[ENTRIES SUPPLIED]

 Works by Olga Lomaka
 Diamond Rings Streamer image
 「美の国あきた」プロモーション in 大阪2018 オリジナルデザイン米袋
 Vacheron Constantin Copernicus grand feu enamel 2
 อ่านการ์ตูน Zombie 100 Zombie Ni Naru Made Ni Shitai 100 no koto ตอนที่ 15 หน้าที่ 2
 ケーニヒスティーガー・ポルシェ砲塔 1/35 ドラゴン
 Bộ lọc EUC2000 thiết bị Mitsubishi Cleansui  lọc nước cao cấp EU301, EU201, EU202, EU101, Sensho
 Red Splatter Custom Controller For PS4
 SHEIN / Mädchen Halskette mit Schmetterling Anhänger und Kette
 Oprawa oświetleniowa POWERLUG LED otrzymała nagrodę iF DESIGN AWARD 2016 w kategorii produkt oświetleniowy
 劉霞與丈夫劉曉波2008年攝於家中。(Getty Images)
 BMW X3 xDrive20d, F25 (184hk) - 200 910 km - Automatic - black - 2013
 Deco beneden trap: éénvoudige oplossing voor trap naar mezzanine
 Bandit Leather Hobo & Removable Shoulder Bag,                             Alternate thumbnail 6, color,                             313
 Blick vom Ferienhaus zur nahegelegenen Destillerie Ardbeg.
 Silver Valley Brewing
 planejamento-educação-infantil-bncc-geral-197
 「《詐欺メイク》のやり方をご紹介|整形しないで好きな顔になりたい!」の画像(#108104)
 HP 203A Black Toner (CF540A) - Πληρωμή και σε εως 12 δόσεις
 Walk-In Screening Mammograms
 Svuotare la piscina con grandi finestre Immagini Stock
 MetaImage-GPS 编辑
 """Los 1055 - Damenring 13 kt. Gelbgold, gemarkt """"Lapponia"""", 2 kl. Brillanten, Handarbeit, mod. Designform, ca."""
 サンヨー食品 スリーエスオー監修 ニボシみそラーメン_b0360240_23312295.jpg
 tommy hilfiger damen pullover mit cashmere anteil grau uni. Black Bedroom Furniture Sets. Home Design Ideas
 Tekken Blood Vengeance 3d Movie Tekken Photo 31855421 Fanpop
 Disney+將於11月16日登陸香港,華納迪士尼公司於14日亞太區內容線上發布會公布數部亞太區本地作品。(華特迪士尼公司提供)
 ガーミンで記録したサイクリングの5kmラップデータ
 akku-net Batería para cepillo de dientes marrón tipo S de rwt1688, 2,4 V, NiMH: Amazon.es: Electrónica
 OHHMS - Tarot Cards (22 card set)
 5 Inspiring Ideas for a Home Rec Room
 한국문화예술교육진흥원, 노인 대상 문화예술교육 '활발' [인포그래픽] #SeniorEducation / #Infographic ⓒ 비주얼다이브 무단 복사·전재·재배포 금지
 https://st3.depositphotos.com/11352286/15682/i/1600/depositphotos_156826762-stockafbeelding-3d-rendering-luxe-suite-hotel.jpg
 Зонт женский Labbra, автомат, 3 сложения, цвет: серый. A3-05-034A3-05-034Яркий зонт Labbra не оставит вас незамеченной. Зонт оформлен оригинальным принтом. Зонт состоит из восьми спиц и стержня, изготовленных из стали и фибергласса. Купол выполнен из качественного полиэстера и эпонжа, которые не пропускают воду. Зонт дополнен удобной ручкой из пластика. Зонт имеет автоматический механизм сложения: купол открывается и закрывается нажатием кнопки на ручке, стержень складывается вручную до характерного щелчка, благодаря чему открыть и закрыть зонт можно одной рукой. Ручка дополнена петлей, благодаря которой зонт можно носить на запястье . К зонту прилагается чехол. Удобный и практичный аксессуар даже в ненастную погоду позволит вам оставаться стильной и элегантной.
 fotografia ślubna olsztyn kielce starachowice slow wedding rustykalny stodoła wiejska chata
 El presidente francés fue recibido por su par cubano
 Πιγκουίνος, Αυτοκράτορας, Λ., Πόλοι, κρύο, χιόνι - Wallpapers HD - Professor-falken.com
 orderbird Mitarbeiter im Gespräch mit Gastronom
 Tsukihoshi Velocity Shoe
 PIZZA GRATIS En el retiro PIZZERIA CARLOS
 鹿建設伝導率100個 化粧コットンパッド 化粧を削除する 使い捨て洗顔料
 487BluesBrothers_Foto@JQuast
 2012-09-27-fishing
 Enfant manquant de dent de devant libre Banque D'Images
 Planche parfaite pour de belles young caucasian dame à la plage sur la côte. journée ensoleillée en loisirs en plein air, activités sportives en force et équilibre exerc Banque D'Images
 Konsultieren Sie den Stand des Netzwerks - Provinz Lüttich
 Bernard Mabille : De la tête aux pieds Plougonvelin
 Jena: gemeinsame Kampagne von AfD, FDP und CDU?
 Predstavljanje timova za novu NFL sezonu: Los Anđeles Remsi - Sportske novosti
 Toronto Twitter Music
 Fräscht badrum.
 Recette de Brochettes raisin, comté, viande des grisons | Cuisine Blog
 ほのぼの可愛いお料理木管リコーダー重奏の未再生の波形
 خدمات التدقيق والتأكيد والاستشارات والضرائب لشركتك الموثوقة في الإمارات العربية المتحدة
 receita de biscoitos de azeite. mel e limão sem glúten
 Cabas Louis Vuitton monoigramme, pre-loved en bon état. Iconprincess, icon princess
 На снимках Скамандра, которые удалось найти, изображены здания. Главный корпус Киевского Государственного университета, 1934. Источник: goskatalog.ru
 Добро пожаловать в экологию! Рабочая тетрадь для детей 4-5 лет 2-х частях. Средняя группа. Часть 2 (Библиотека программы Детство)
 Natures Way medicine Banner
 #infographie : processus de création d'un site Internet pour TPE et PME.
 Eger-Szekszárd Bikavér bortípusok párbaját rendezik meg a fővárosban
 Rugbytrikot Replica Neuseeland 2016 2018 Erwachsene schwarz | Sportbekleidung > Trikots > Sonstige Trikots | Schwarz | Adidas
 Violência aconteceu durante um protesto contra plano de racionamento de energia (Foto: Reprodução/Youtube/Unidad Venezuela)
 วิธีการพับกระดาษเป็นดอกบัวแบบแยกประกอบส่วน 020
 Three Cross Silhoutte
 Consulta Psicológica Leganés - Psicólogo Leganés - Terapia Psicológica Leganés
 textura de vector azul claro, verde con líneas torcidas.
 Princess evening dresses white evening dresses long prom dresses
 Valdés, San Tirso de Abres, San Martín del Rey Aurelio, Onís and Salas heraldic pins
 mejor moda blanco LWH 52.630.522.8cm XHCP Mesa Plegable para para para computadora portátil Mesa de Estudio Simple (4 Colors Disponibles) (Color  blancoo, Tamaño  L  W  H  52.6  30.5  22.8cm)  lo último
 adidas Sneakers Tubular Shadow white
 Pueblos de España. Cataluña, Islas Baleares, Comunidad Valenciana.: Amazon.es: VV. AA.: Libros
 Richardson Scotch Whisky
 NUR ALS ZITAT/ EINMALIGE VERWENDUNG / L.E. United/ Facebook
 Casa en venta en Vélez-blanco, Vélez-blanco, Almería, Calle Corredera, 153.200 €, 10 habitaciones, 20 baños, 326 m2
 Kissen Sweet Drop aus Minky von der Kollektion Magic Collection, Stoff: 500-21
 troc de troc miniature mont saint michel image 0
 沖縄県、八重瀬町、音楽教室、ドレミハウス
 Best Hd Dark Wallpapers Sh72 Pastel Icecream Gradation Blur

[/ENTRIES SUPPLIED]

# [YOUR ASSIGNMENT]
Transcribe each entry precisely, missing none.

# [OUTPUT FOR THIS TASK]
 Works by Olga Lomaka
 Diamond Rings Streamer image
 「美の国あきた」プロモーション in 大阪2018 オリジナルデザイン米袋
 Vacheron Constantin Copernicus grand feu enamel 2
 อ่านการ์ตูน Zombie 100 Zombie Ni Naru Made Ni Shitai 100 no koto ตอนที่ 15 หน้าที่ 2
 ケーニヒスティーガー・ポルシェ砲塔 1/35 ドラゴン
 Bộ lọc EUC2000 thiết bị Mitsubishi Cleansui  lọc nước cao cấp EU301, EU201, EU202, EU101, Sensho
 Red Splatter Custom Controller For PS4
 SHEIN / Mädchen Halskette mit Schmetterling Anhänger und Kette
 Oprawa oświetleniowa POWERLUG LED otrzymała nagrodę iF DESIGN AWARD 2016 w kategorii produkt oświetleniowy
 劉霞與丈夫劉曉波2008年攝於家中。(Getty Images)
 BMW X3 xDrive20d, F25 (184hk) - 200 910 km - Automatic - black - 2013
 Deco beneden trap: éénvoudige oplossing voor trap naar mezzanine
 Bandit Leather Hobo & Removable Shoulder Bag,                             Alternate thumbnail 6, color,                             313
 Blick vom Ferienhaus zur nahegelegenen Destillerie Ardbeg.
 Silver Valley Brewing
 planejamento-educação-infantil-bncc-geral-197
 「《詐欺メイク》のやり方をご紹介|整形しないで好きな顔になりたい!」の画像(#108104)
 HP 203A Black Toner (CF540A) - Πληρωμή και σε εως 12 δόσεις
 Walk-In Screening Mammograms
 Svuotare la piscina con grandi finestre Immagini Stock
 MetaImage-GPS 编辑
 """Los 1055 - Damenring 13 kt. Gelbgold, gemarkt """"Lapponia"""", 2 kl. Brillanten, Handarbeit, mod. Designform, ca."""
 サンヨー食品 スリーエスオー監修 ニボシみそラーメン_b0360240_23312295.jpg
 tommy hilfiger damen pullover mit cashmere anteil grau uni. Black Bedroom Furniture Sets. Home Design Ideas
 Tekken Blood Vengeance 3d Movie Tekken Photo 31855421 Fanpop
 Disney+將於11月16日登陸香港,華納迪士尼公司於14日亞太區內容線上發布會公布數部亞太區本地作品。(華特迪士尼公司提供)
 ガーミンで記録したサイクリングの5kmラップデータ
 akku-net Batería para cepillo de dientes marrón tipo S de rwt1688, 2,4 V, NiMH: Amazon.es: Electrónica
 OHHMS - Tarot Cards (22 card set)
 5 Inspiring Ideas for a Home Rec Room
 한국문화예술교육진흥원, 노인 대상 문화예술교육 '활발' [인포그래픽] #SeniorEducation / #Infographic ⓒ 비주얼다이브 무단 복사·전재·재배포 금지
 https://st3.depositphotos.com/11352286/15682/i/1600/depositphotos_156826762-stockafbeelding-3d-rendering-luxe-suite-hotel.jpg
 Зонт женский Labbra, автомат, 3 сложения, цвет: серый. A3-05-034A3-05-034Яркий зонт Labbra не оставит вас незамеченной. Зонт оформлен оригинальным принтом. Зонт состоит из восьми спиц и стержня, изготовленных из стали и фибергласса. Купол выполнен из качественного полиэстера и эпонжа, которые не пропускают воду. Зонт дополнен удобной ручкой из пластика. Зонт имеет автоматический механизм сложения: купол открывается и закрывается нажатием кнопки на ручке, стержень складывается вручную до характерного щелчка, благодаря чему открыть и закрыть зонт можно одной рукой. Ручка дополнена петлей, благодаря которой зонт можно носить на запястье . К зонту прилагается чехол. Удобный и практичный аксессуар даже в ненастную погоду позволит вам оставаться стильной и элегантной.
 fotografia ślubna olsztyn kielce starachowice slow wedding rustykalny stodoła wiejska chata
 El presidente francés fue recibido por su par cubano
 Πιγκουίνος, Αυτοκράτορας, Λ., Πόλοι, κρύο, χιόνι - Wallpapers HD - Professor-falken.com
 orderbird Mitarbeiter im Gespräch mit Gastronom
 Tsukihoshi Velocity Shoe
 PIZZA GRATIS En el retiro PIZZERIA CARLOS
 鹿建設伝導率100個 化粧コットンパッド 化粧を削除する 使い捨て洗顔料
 487BluesBrothers_Foto@JQuast
 2012-09-27-fishing
 Enfant manquant de dent de devant libre Banque D'Images
 Planche parfaite pour de belles young caucasian dame à la plage sur la côte. journée ensoleillée en loisirs en plein air, activités sportives en force et équilibre exerc Banque D'Images
 Konsultieren Sie den Stand des Netzwerks - Provinz Lüttich
 Bernard Mabille : De la tête aux pieds Plougonvelin
 Jena: gemeinsame Kampagne von AfD, FDP und CDU?
 Predstavljanje timova za novu NFL sezonu: Los Anđeles Remsi - Sportske novosti
 Toronto Twitter Music
 Fräscht badrum.
 Recette de Brochettes raisin, comté, viande des grisons | Cuisine Blog
 ほのぼの可愛いお料理木管リコーダー重奏の未再生の波形
 خدمات التدقيق والتأكيد والاستشارات والضرائب لشركتك الموثوقة في الإمارات العربية المتحدة
 receita de biscoitos de azeite. mel e limão sem glúten
 Cabas Louis Vuitton monoigramme, pre-loved en bon état. Iconprincess, icon princess
 На снимках Скамандра, которые удалось найти, изображены здания. Главный корпус Киевского Государственного университета, 1934. Источник: goskatalog.ru
 Добро пожаловать в экологию! Рабочая тетрадь для детей 4-5 лет 2-х частях. Средняя группа. Часть 2 (Библиотека программы Детство)
 Natures Way medicine Banner
 #infographie : processus de création d'un site Internet pour TPE et PME.
 Eger-Szekszárd Bikavér bortípusok párbaját rendezik meg a fővárosban
 Rugbytrikot Replica Neuseeland 2016 2018 Erwachsene schwarz | Sportbekleidung > Trikots > Sonstige Trikots | Schwarz | Adidas
 Violência aconteceu durante um protesto contra plano de racionamento de energia (Foto: Reprodução/Youtube/Unidad Venezuela)
 วิธีการพับกระดาษเป็นดอกบัวแบบแยกประกอบส่วน 020
 Three Cross Silhoutte
 Consulta Psicológica Leganés - Psicólogo Leganés - Terapia Psicológica Leganés
 textura de vector azul claro, verde con líneas torcidas.
 Princess evening dresses white evening dresses long prom dresses
 Valdés, San Tirso de Abres, San Martín del Rey Aurelio, Onís and Salas heraldic pins
 mejor moda blanco LWH 52.630.522.8cm XHCP Mesa Plegable para para para computadora portátil Mesa de Estudio Simple (4 Colors Disponibles) (Color  blancoo, Tamaño  L  W  H  52.6  30.5  22.8cm)  lo último
 adidas Sneakers Tubular Shadow white
 Pueblos de España. Cataluña, Islas Baleares, Comunidad Valenciana.: Amazon.es: VV. AA.: Libros
 Richardson Scotch Whisky
 NUR ALS ZITAT/ EINMALIGE VERWENDUNG / L.E. United/ Facebook
 Casa en venta en Vélez-blanco, Vélez-blanco, Almería, Calle Corredera, 153.200 €, 10 habitaciones, 20 baños, 326 m2
 Kissen Sweet Drop aus Minky von der Kollektion Magic Collection, Stoff: 500-21
 troc de troc miniature mont saint michel image 0
 沖縄県、八重瀬町、音楽教室、ドレミハウス
 Best Hd Dark Wallpapers Sh72 Pastel Icecream Gradation Blur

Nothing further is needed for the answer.